But in Whitehall – and particularly at the Foreign Office – there were the first signs of nervousness over the proposed manner of dealing with one problem that had arisen in the country: a small number of British citizens and residents, all Muslims, had been detained by US forces.

A mass of documents disclosed during high court proceedings show how rapidly the government became involved in the abduction and torture of these individuals in its attempts to secure the UK against attack by al-Qaida.

They also appear to show how little regard was given within the government to the illegality of its own actions.

On 4 January 2002, a memo circulated to the secretaries of the junior Foreign Office ministers Ben Bradshaw and Lady Amos, as well as to the Foreign Office press office and the department’s senior legal adviser, Sir Michael Wood, notes: “Public opinion has on the whole shown little concern about the welfare of the British detainees, or the legal terms of their detention. But the issue is clearly of sensitivity to Muslim opinion in the UK and abroad.”
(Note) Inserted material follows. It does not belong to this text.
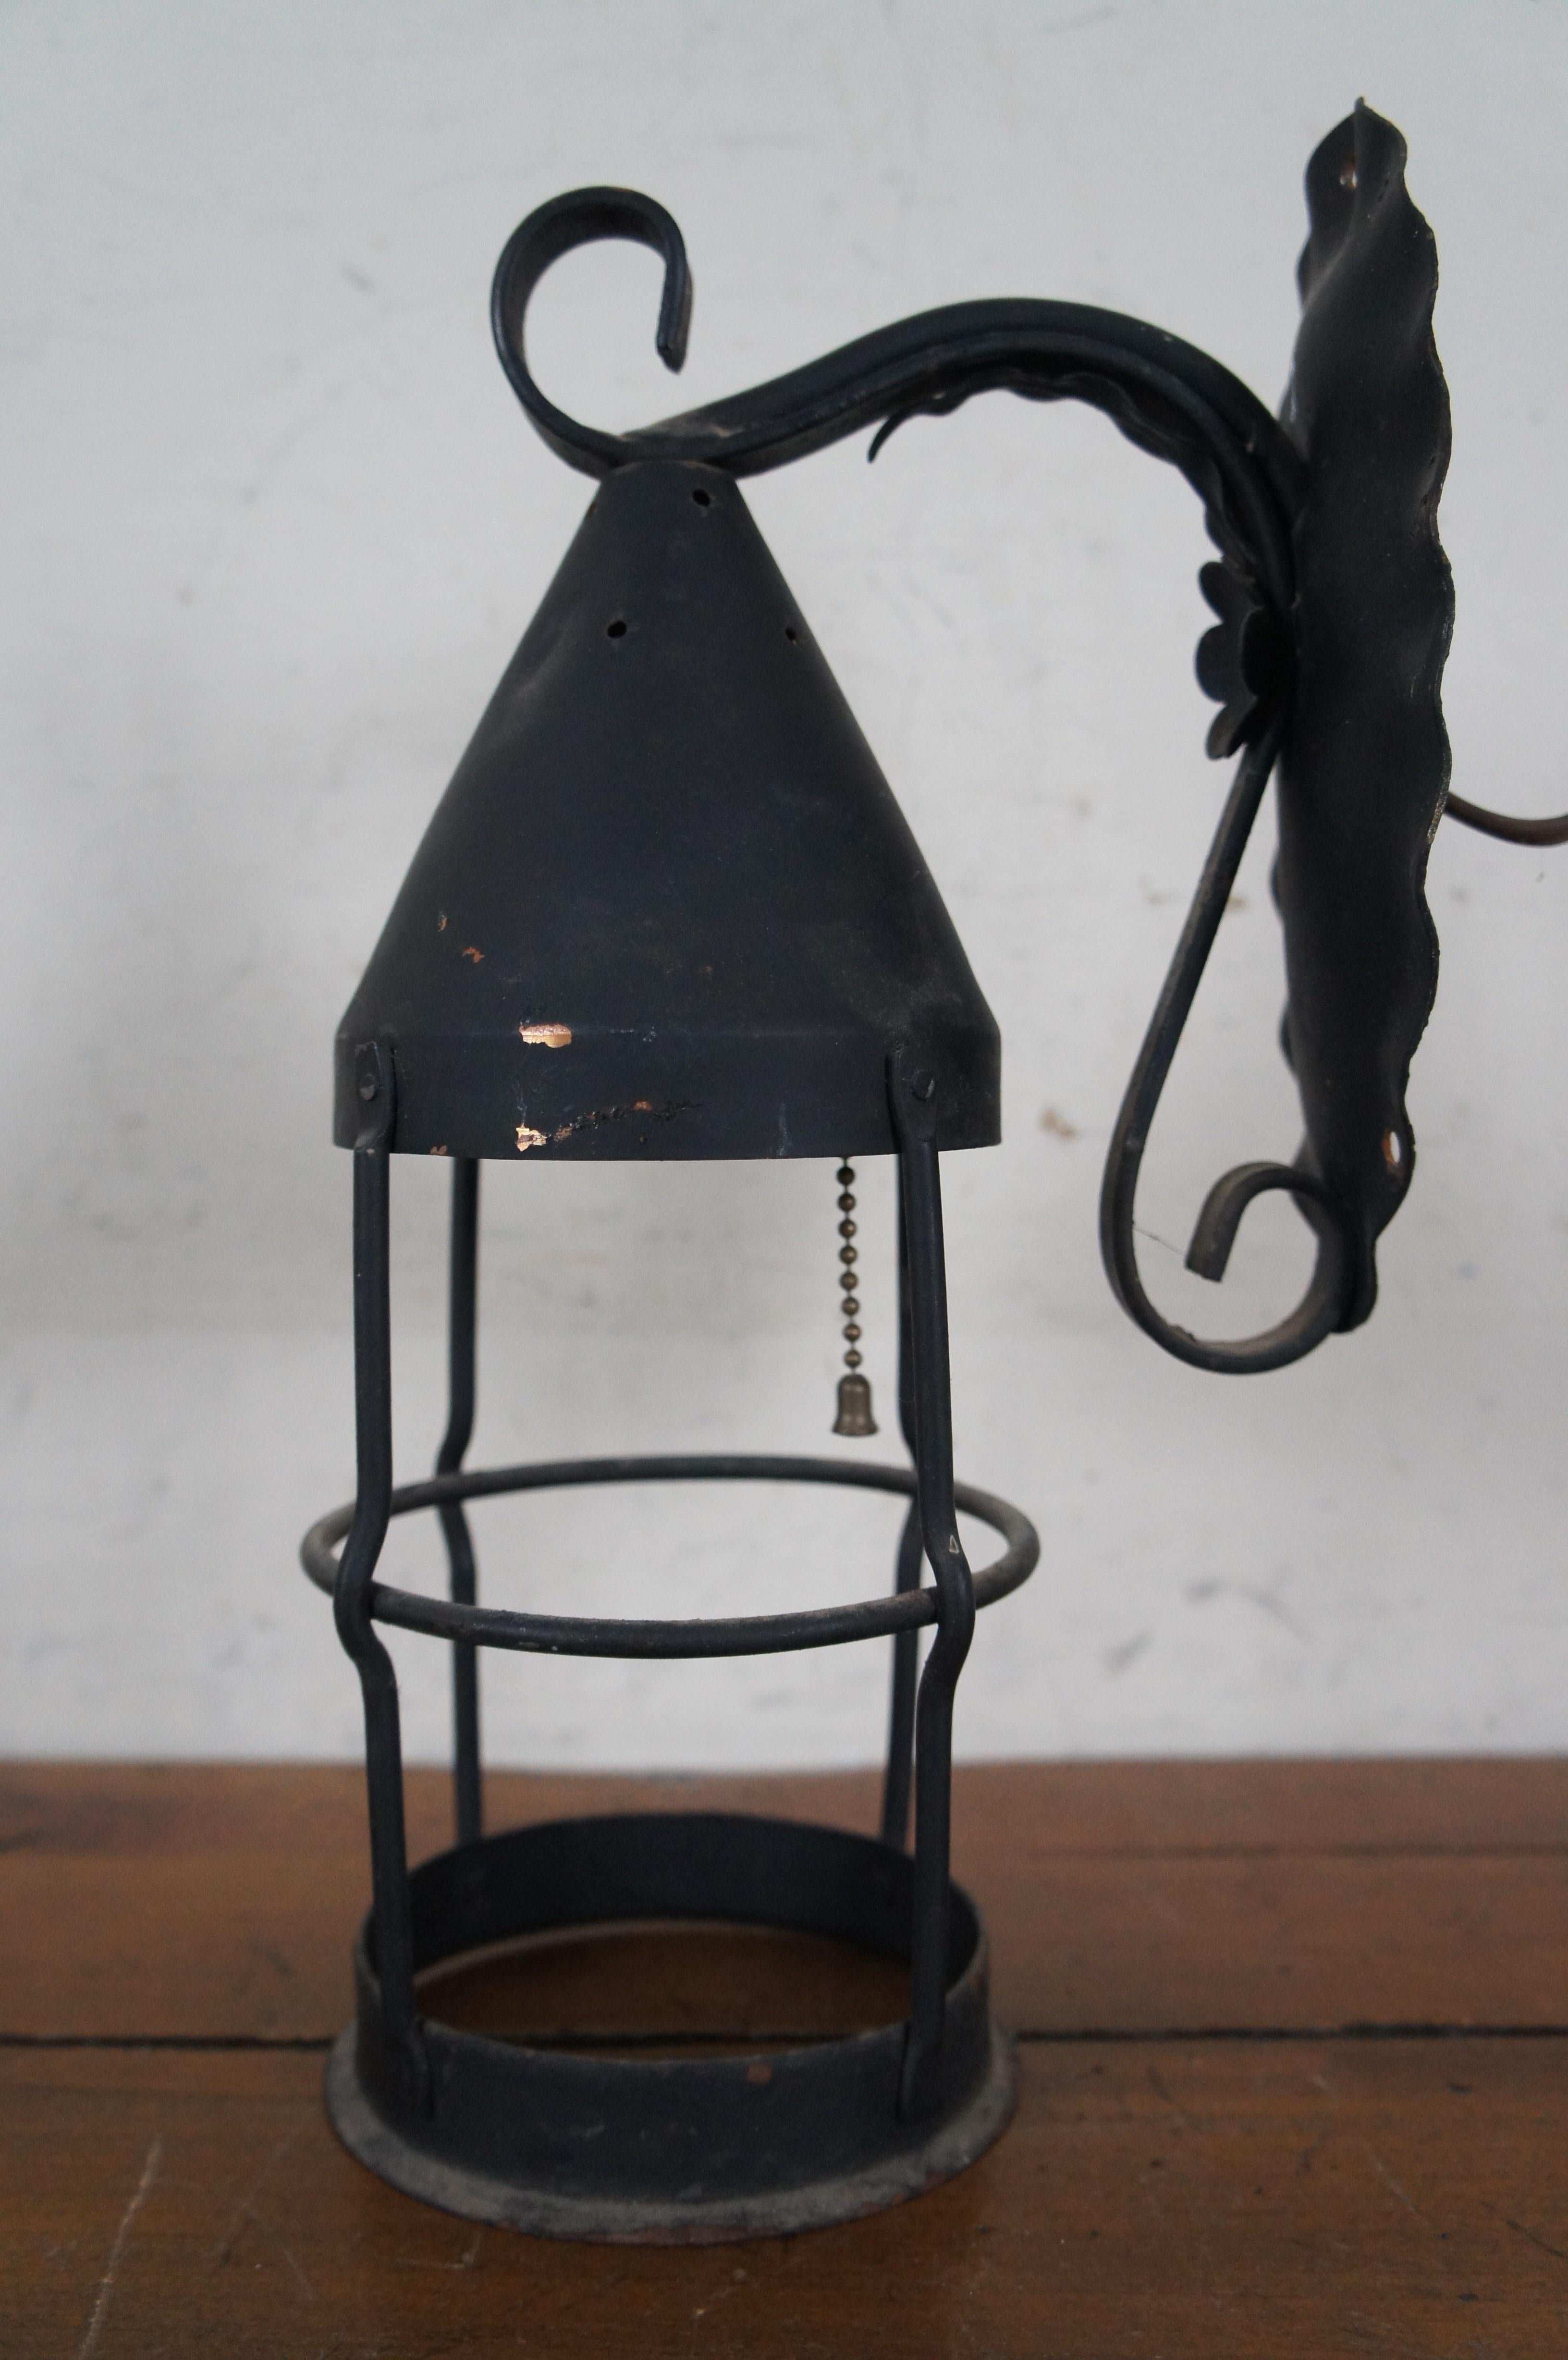 Vintage Gothic Scrolled Iron Wall Hanging Storybook Lantern Sconce Light 12

It adds that the FCO should be “seen as applying our normal standards of consular assistance as far as possible”. Consular officials had not seen these detainees, however, and “our holding line, that we are first seeking to establish identity details, is wearing thin”, not least because extensive reports about one individual had already appeared in the press.

At this time, the fact that “rendition” – abducting an individual and moving them against their will from one country to another – was illegal appears not to have been a concern. A document disclosed by the Foreign Office, dated 10 January 2002 and entitled Afghanistan UK Detainees, expresses the government’s “preferred options”. It states: “Transfer of United Kingdom nationals held by US forces in Afghanistan to a United States base in Guantánamo is the best way to meet our counter-terrorism objectives, to ensure they are securely held.” The “only alternative”, the document adds, would be to place these individuals in the custody of British forces in Afghanistan, or to return them to the UK.